** GIVEN MATERIAL follows **
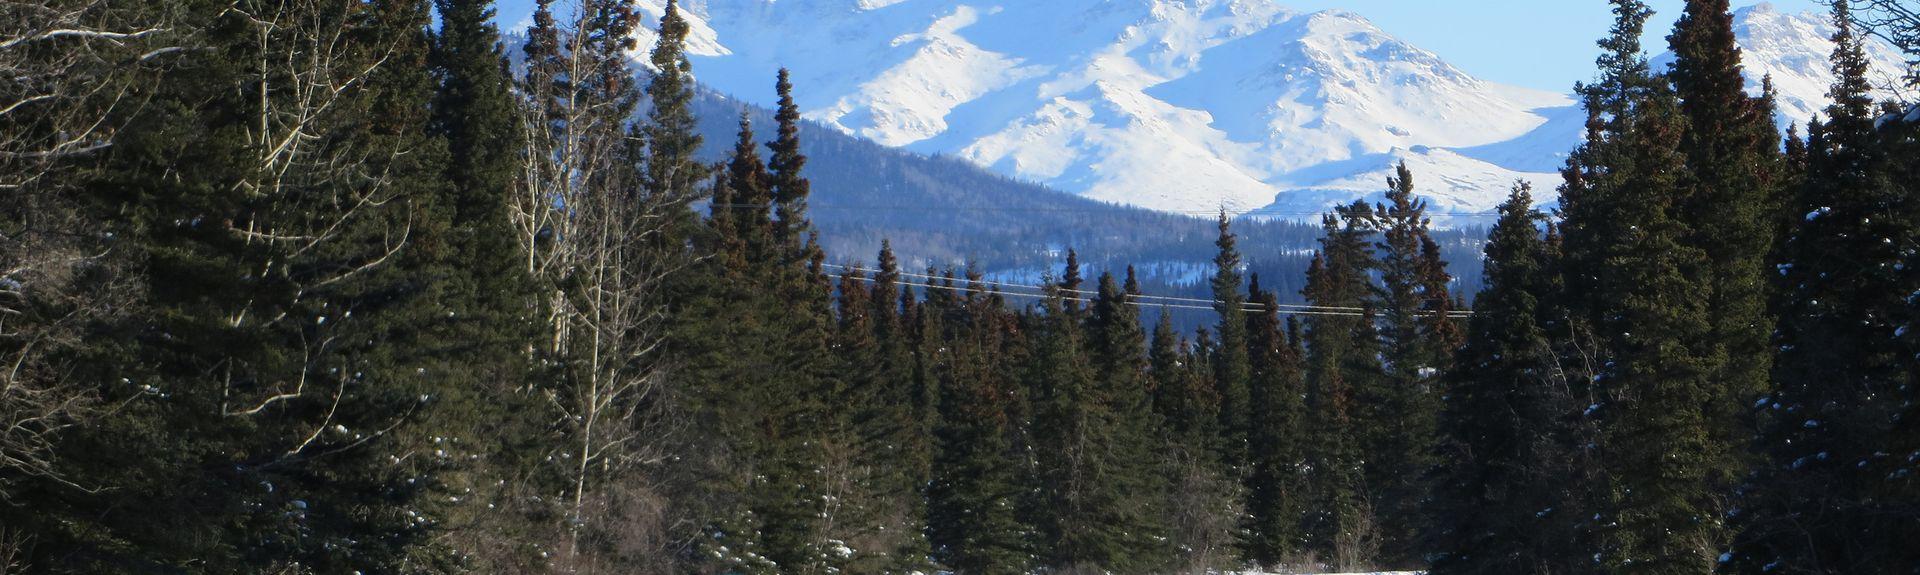 Wilderness Access Center, Denali National Park, Alaska, United States of America
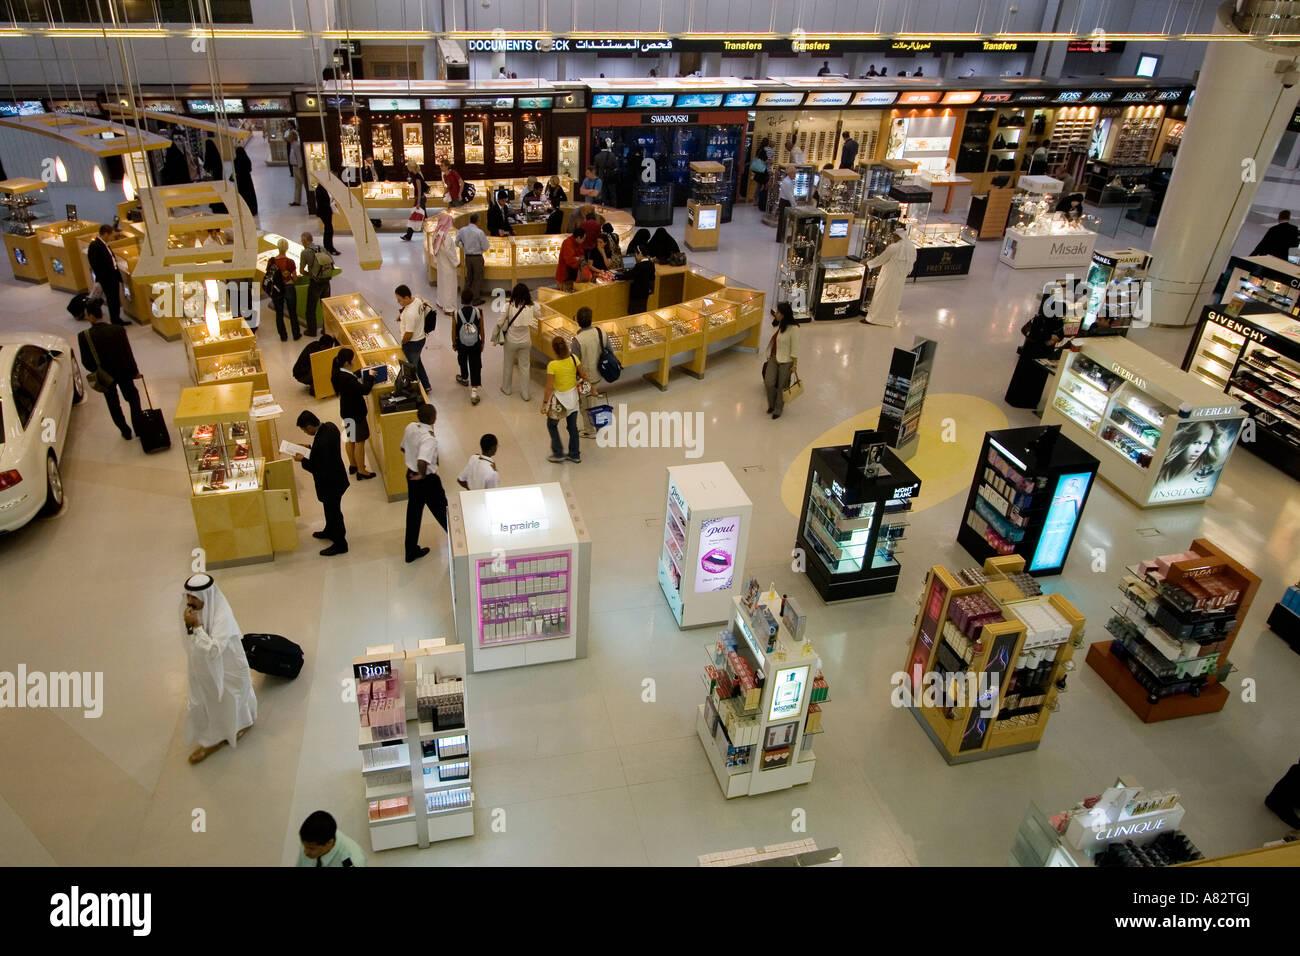 53b403c708fc Qatar Doha airport duty free shopping Stock Photo  11968961 - Alamy
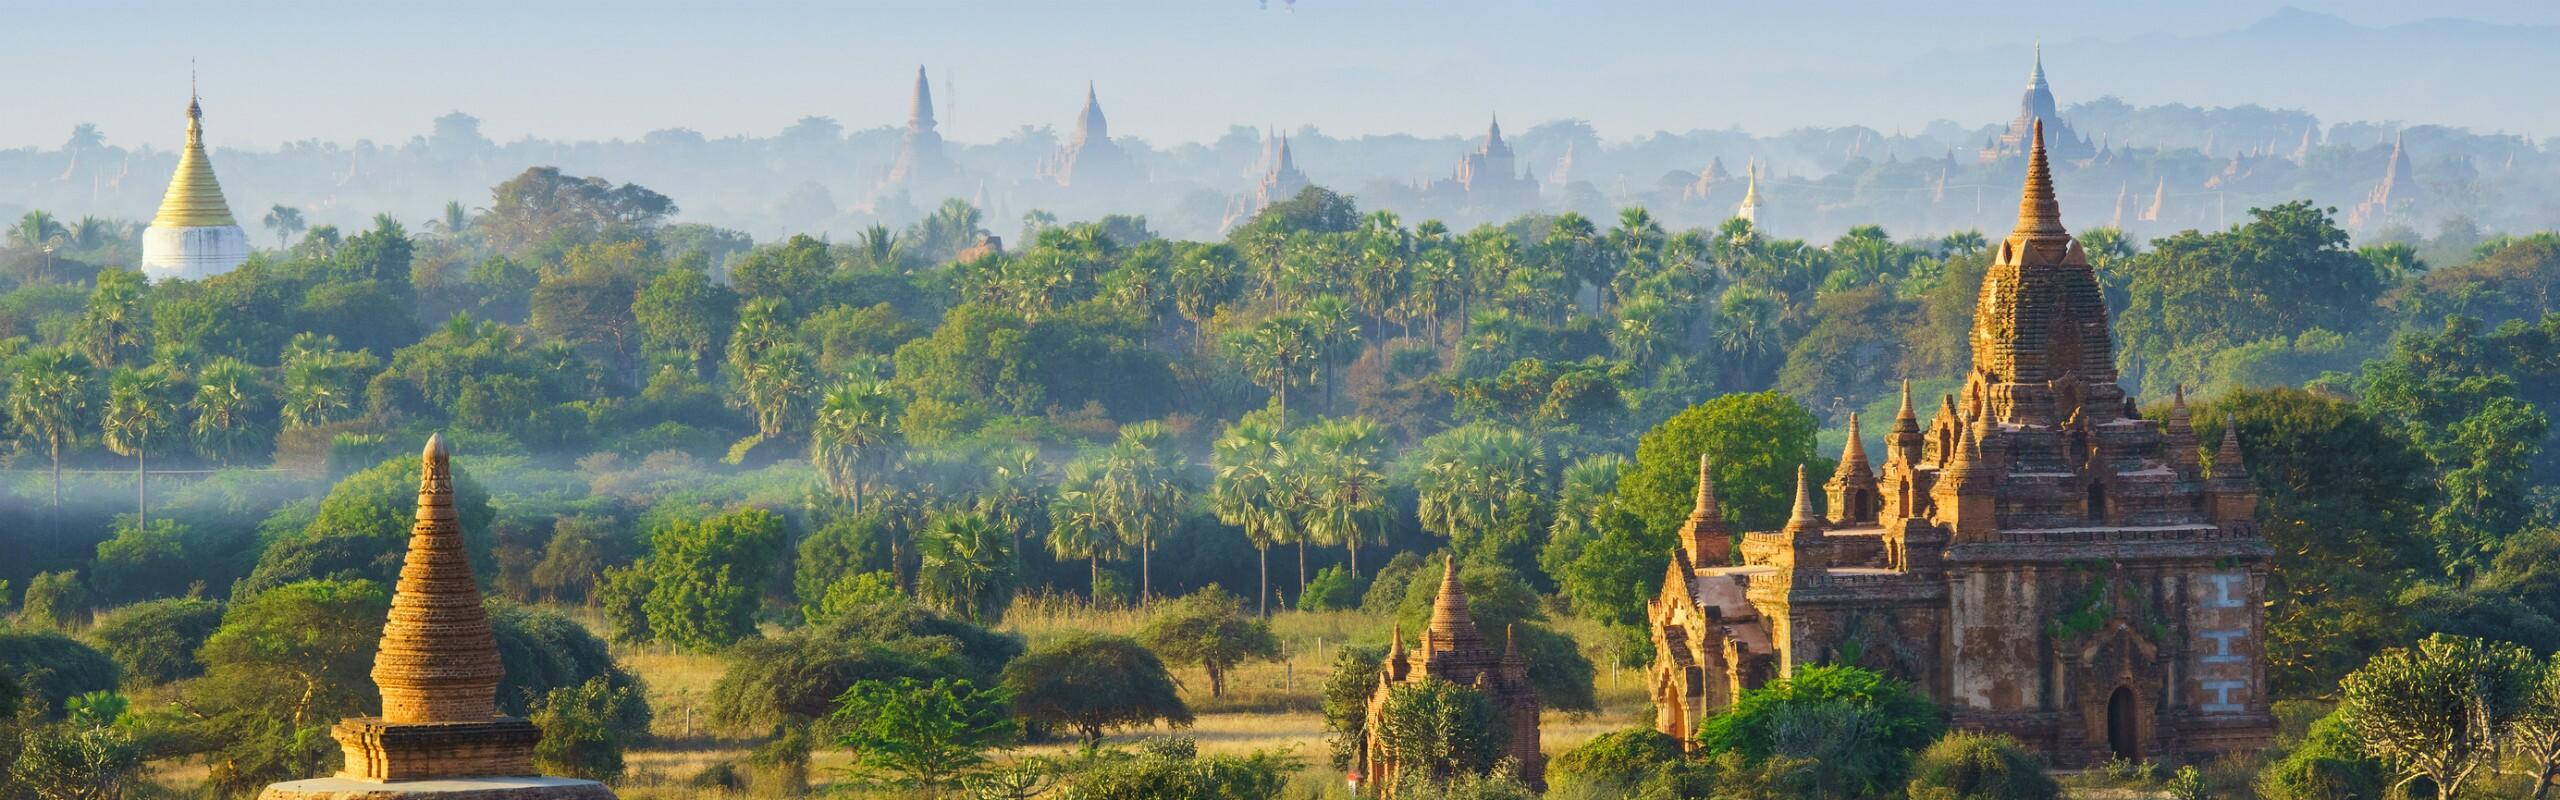 Myanmar Temples and Pagodas - The Land of Pagodas
** End of GIVEN MATERIAL **
REQUIREMENT:
Print the full listing above again with exact wording and no images.

ANSWER SPACE:
 Wilderness Access Center, Denali National Park, Alaska, United States of America
 53b403c708fc Qatar Doha airport duty free shopping Stock Photo  11968961 - Alamy
 Myanmar Temples and Pagodas - The Land of Pagodas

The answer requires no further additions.